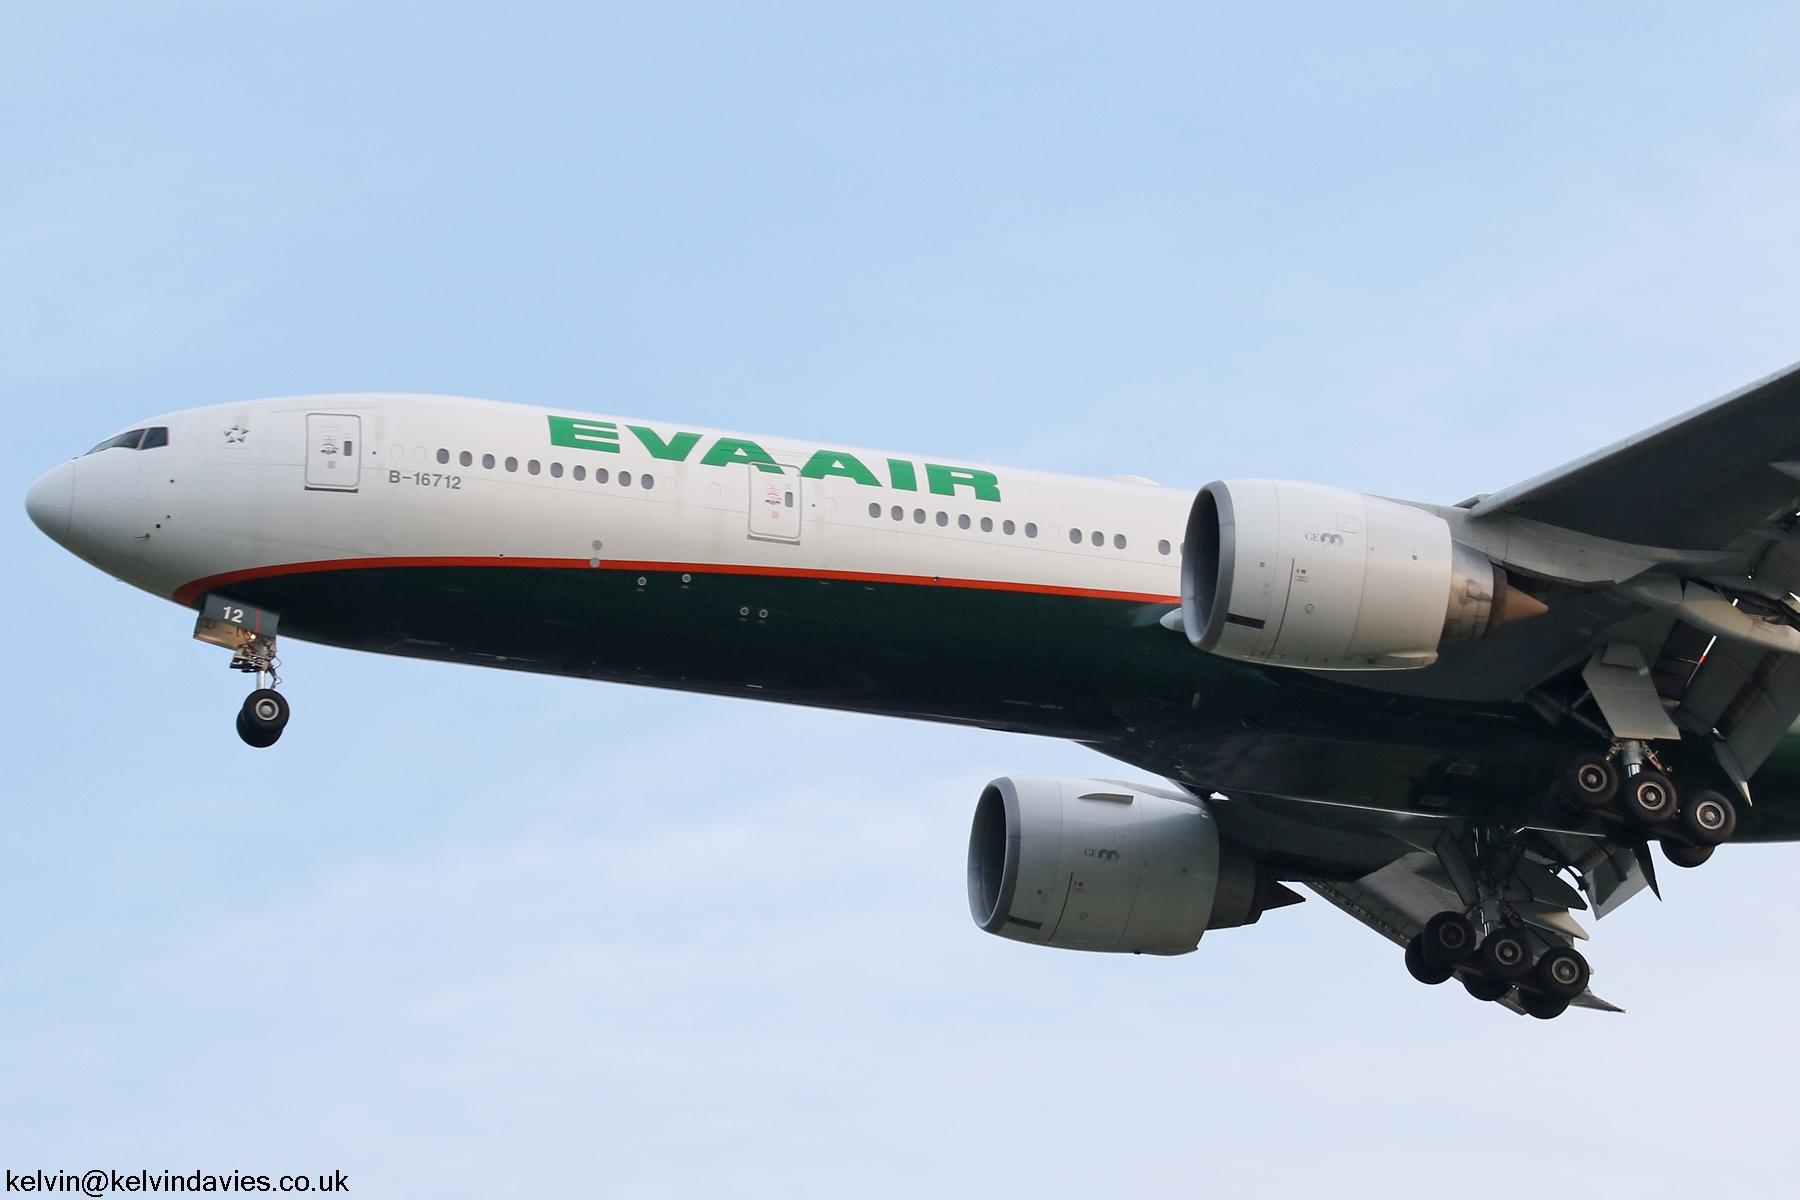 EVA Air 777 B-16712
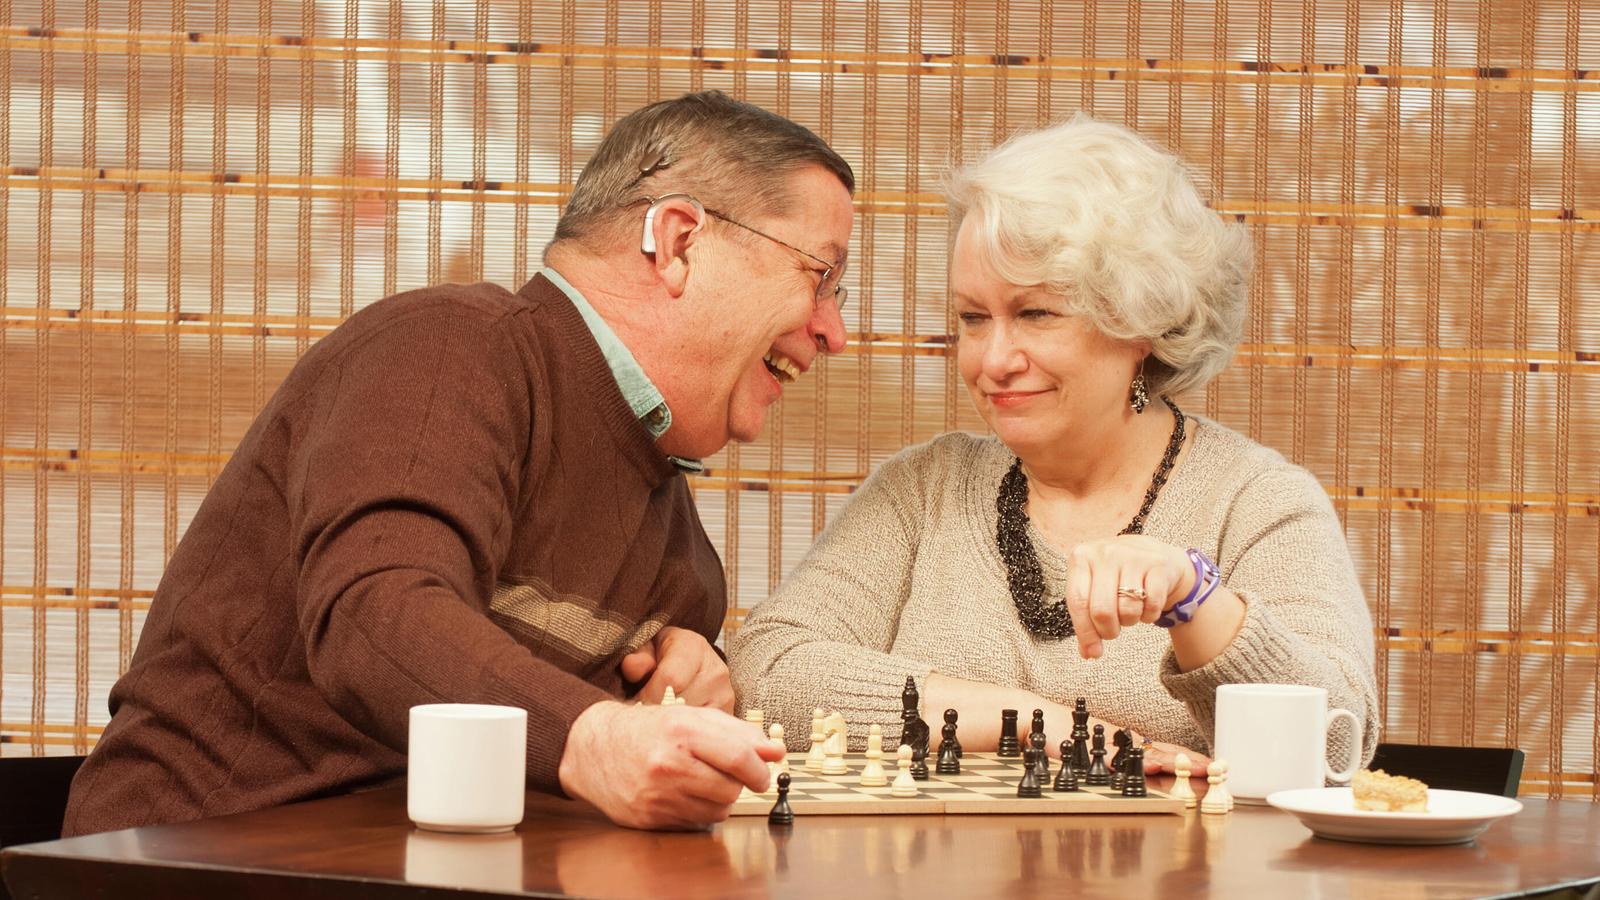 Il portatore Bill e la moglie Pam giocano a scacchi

==

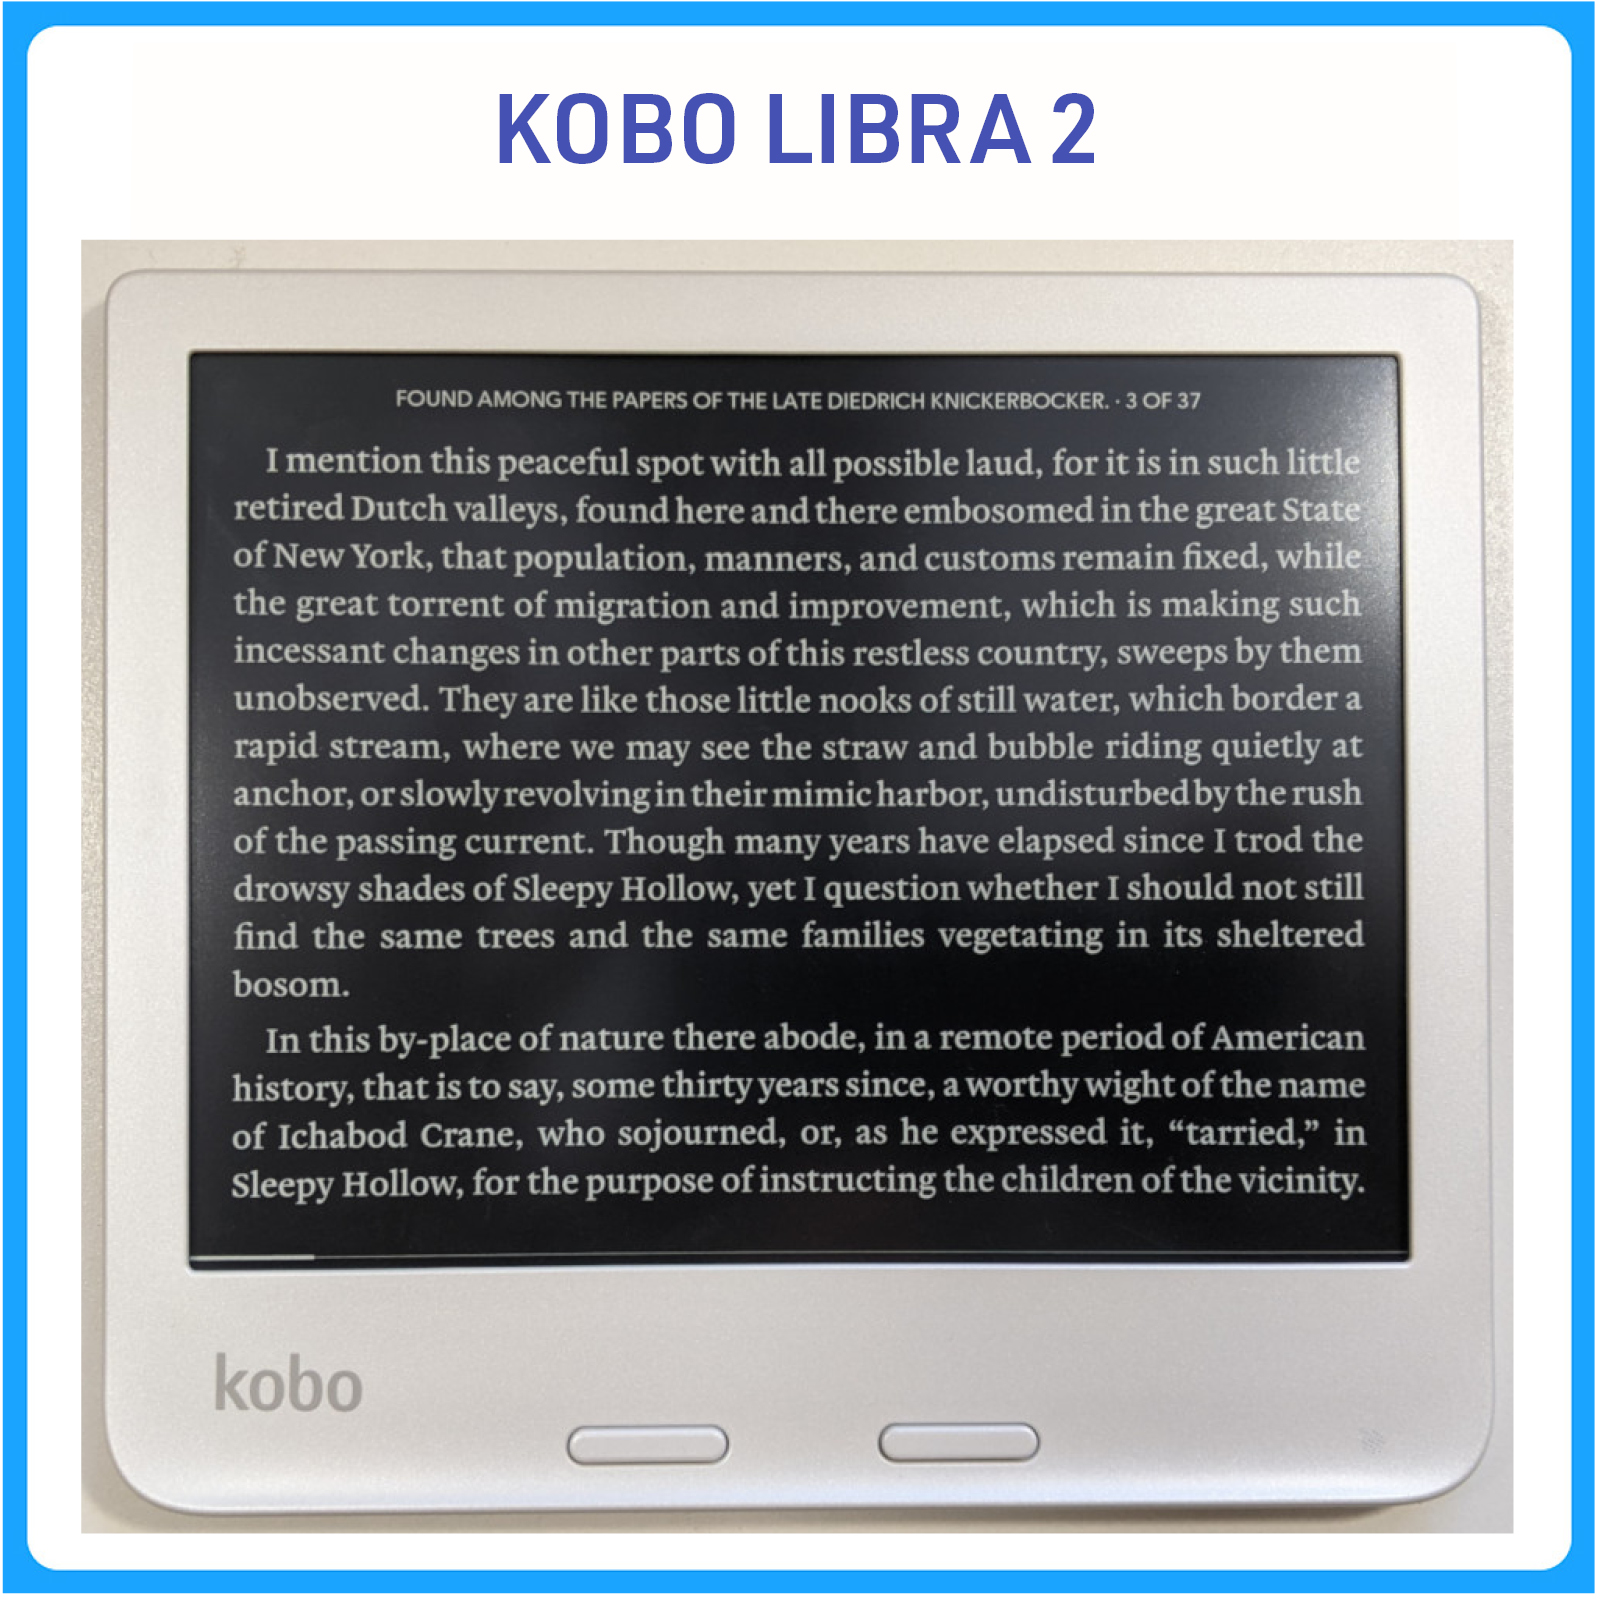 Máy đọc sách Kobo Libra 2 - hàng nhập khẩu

Assignment → What is needed is an exact copy of only the lines above from the one with "EVA Air 777 B-16712" to the one with "Il portatore Bill", both kept, with every picture left out.

Expected output →
 EVA Air 777 B-16712
 Il portatore Bill e la moglie Pam giocano a scacchi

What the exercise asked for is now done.